Diese Zunftverfassung und -Herrschaft bestand in Deutschland, trotz der auch hier zum Teil schon im 15. Jahrhundert, allgemein seit dem 16. Jahrhundert, sich entwickelnden Missstände und Auswüchse, infolge der allgemeinen politischen Entwicklung besonders lange. Diese hat bekanntlich das ganze Deutschland nicht wie die Nachbarländer seit dem 16. Jahrhundert eine politische Neugestaltung im Sinne der Zentralisation durch den modernen absoluten Staat erleben lassen, sondern diese Entwicklung in die einzelnen Territorien gedrängt, von denen aber nur wenige, eigentlich nur Preussen, gross und stark genug waren, das Beispiel der Wirtschaftspolitik der Nachbarländer nachzuahmen. Zwar versuchte auch das alte heilige römische Reich deutscher Nation, durch zahllose, schon in ihrer Wiederholung ihre Fruchtlosigkeit zeigende Reichstagsabschiede den Missbräuchen im Handwerk zu steuern und ein einheitliches Reichsgewerberrecht zu schaffen, aber auch der Reichstagsabschied von 1741, der endlich Erfolge erzielte, erreichte sie doch nur durch die Hand der Einzelstaaten, insbesondere in Preussen.

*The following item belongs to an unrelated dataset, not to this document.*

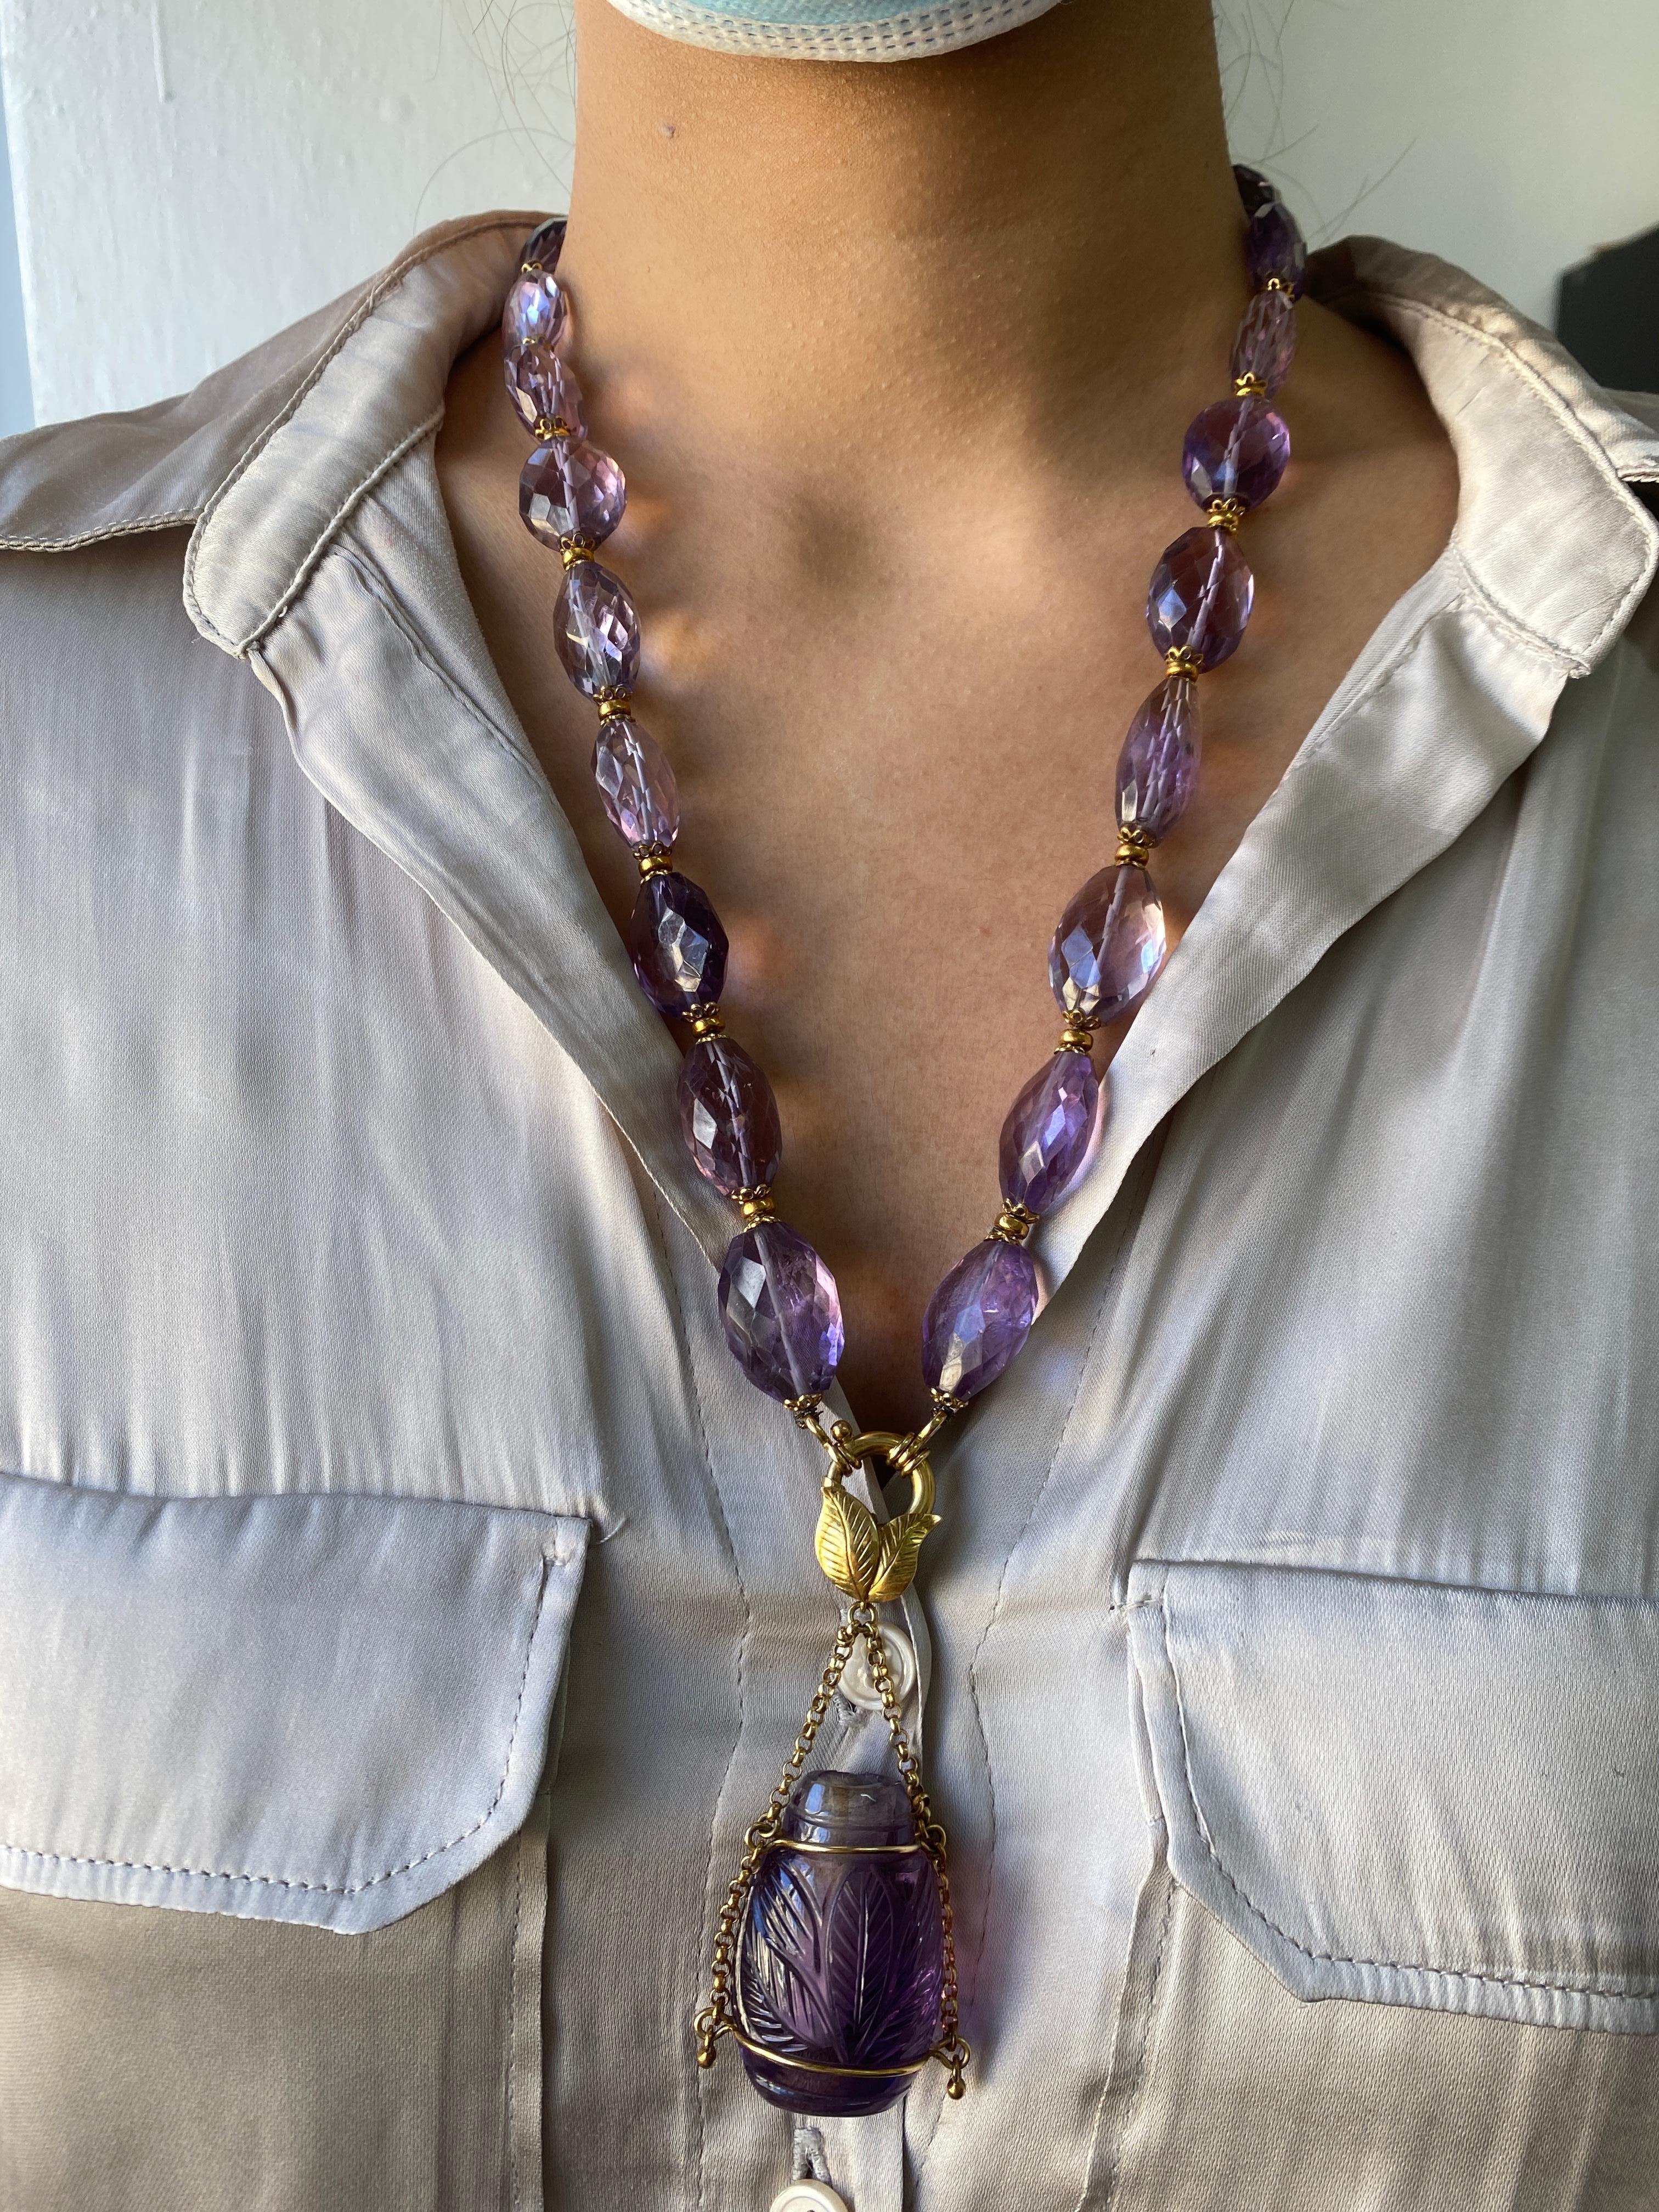 650 Carat Amethyst and Gold Beaded Necklace For Sale 1

Dieser Staat war überhaupt so ziemlich der einzige, welcher durch seinen Umfang und die eigentümlichen Verhältnisse seiner verschiedenen Landesteile – die Mark Brandenburg und Schlesien der Sitz einer ersten industriellen Entwicklung, die übrigen Provinzen ihre agrarischen Hinterländer – in der Lage war, die in den grossen Nachbarstaaten ausgebildete Wirtschaftspolitik des modernen absoluten Staates, den „Merkantilismus“, nachzuahmen. Er herrschte denn auch unter Friedrich dem Grossen wie unter seinem Nachfolger ganz in den bekannten Formen auf dem Gebiete der Gewerbepolitik und Handelspolitik. Auf ersterem erfolgte daher nicht nur eine einheitliche Regelung des Zunftwesens in Durchführung des Reichszunftgesetzes von 1741, sondern auch eine entsprechende Reglementierung der neuen, ersten kapitalistischen Betriebsform des Gewerbes, deren Aufkommen die Zünfte trotz ihrer langen Herrschaft auch in Deutschland nicht zu hindern vermocht hatten, der Hausindustrie oder des „Verlagssystems“. Des weiteren wurde die dritte gewerbliche Betriebsform der Fabrikindustrie i. w. S., zunächst der „Manufaktur“, wie in den anderen merkantilistischen Staaten so auch hier in der bekannten Weise, namentlich unter Heranziehung und Verwertung ausländischer Einwanderer, insbes. der französischen Emigranten, in jeder Weise vom Staate gefördert oder selbst unternommen. Auch die gewerbliche Arbeiterfrage, welche schon zur Zeit der Zunftherrschaft durch die fortschreitenden Erschwerungen des Meisterwerdens und die Produktion einzelner Handwerke für den Welthandel insofern entstanden war, als nicht mehr alle Gesellen Meister zu werden vermochten, sondern eine selbständige Arbeiterklasse aus ihnen zu werden anfing, fand durch den absoluten Staat hier schon eine gewisse Regelung und Lösung.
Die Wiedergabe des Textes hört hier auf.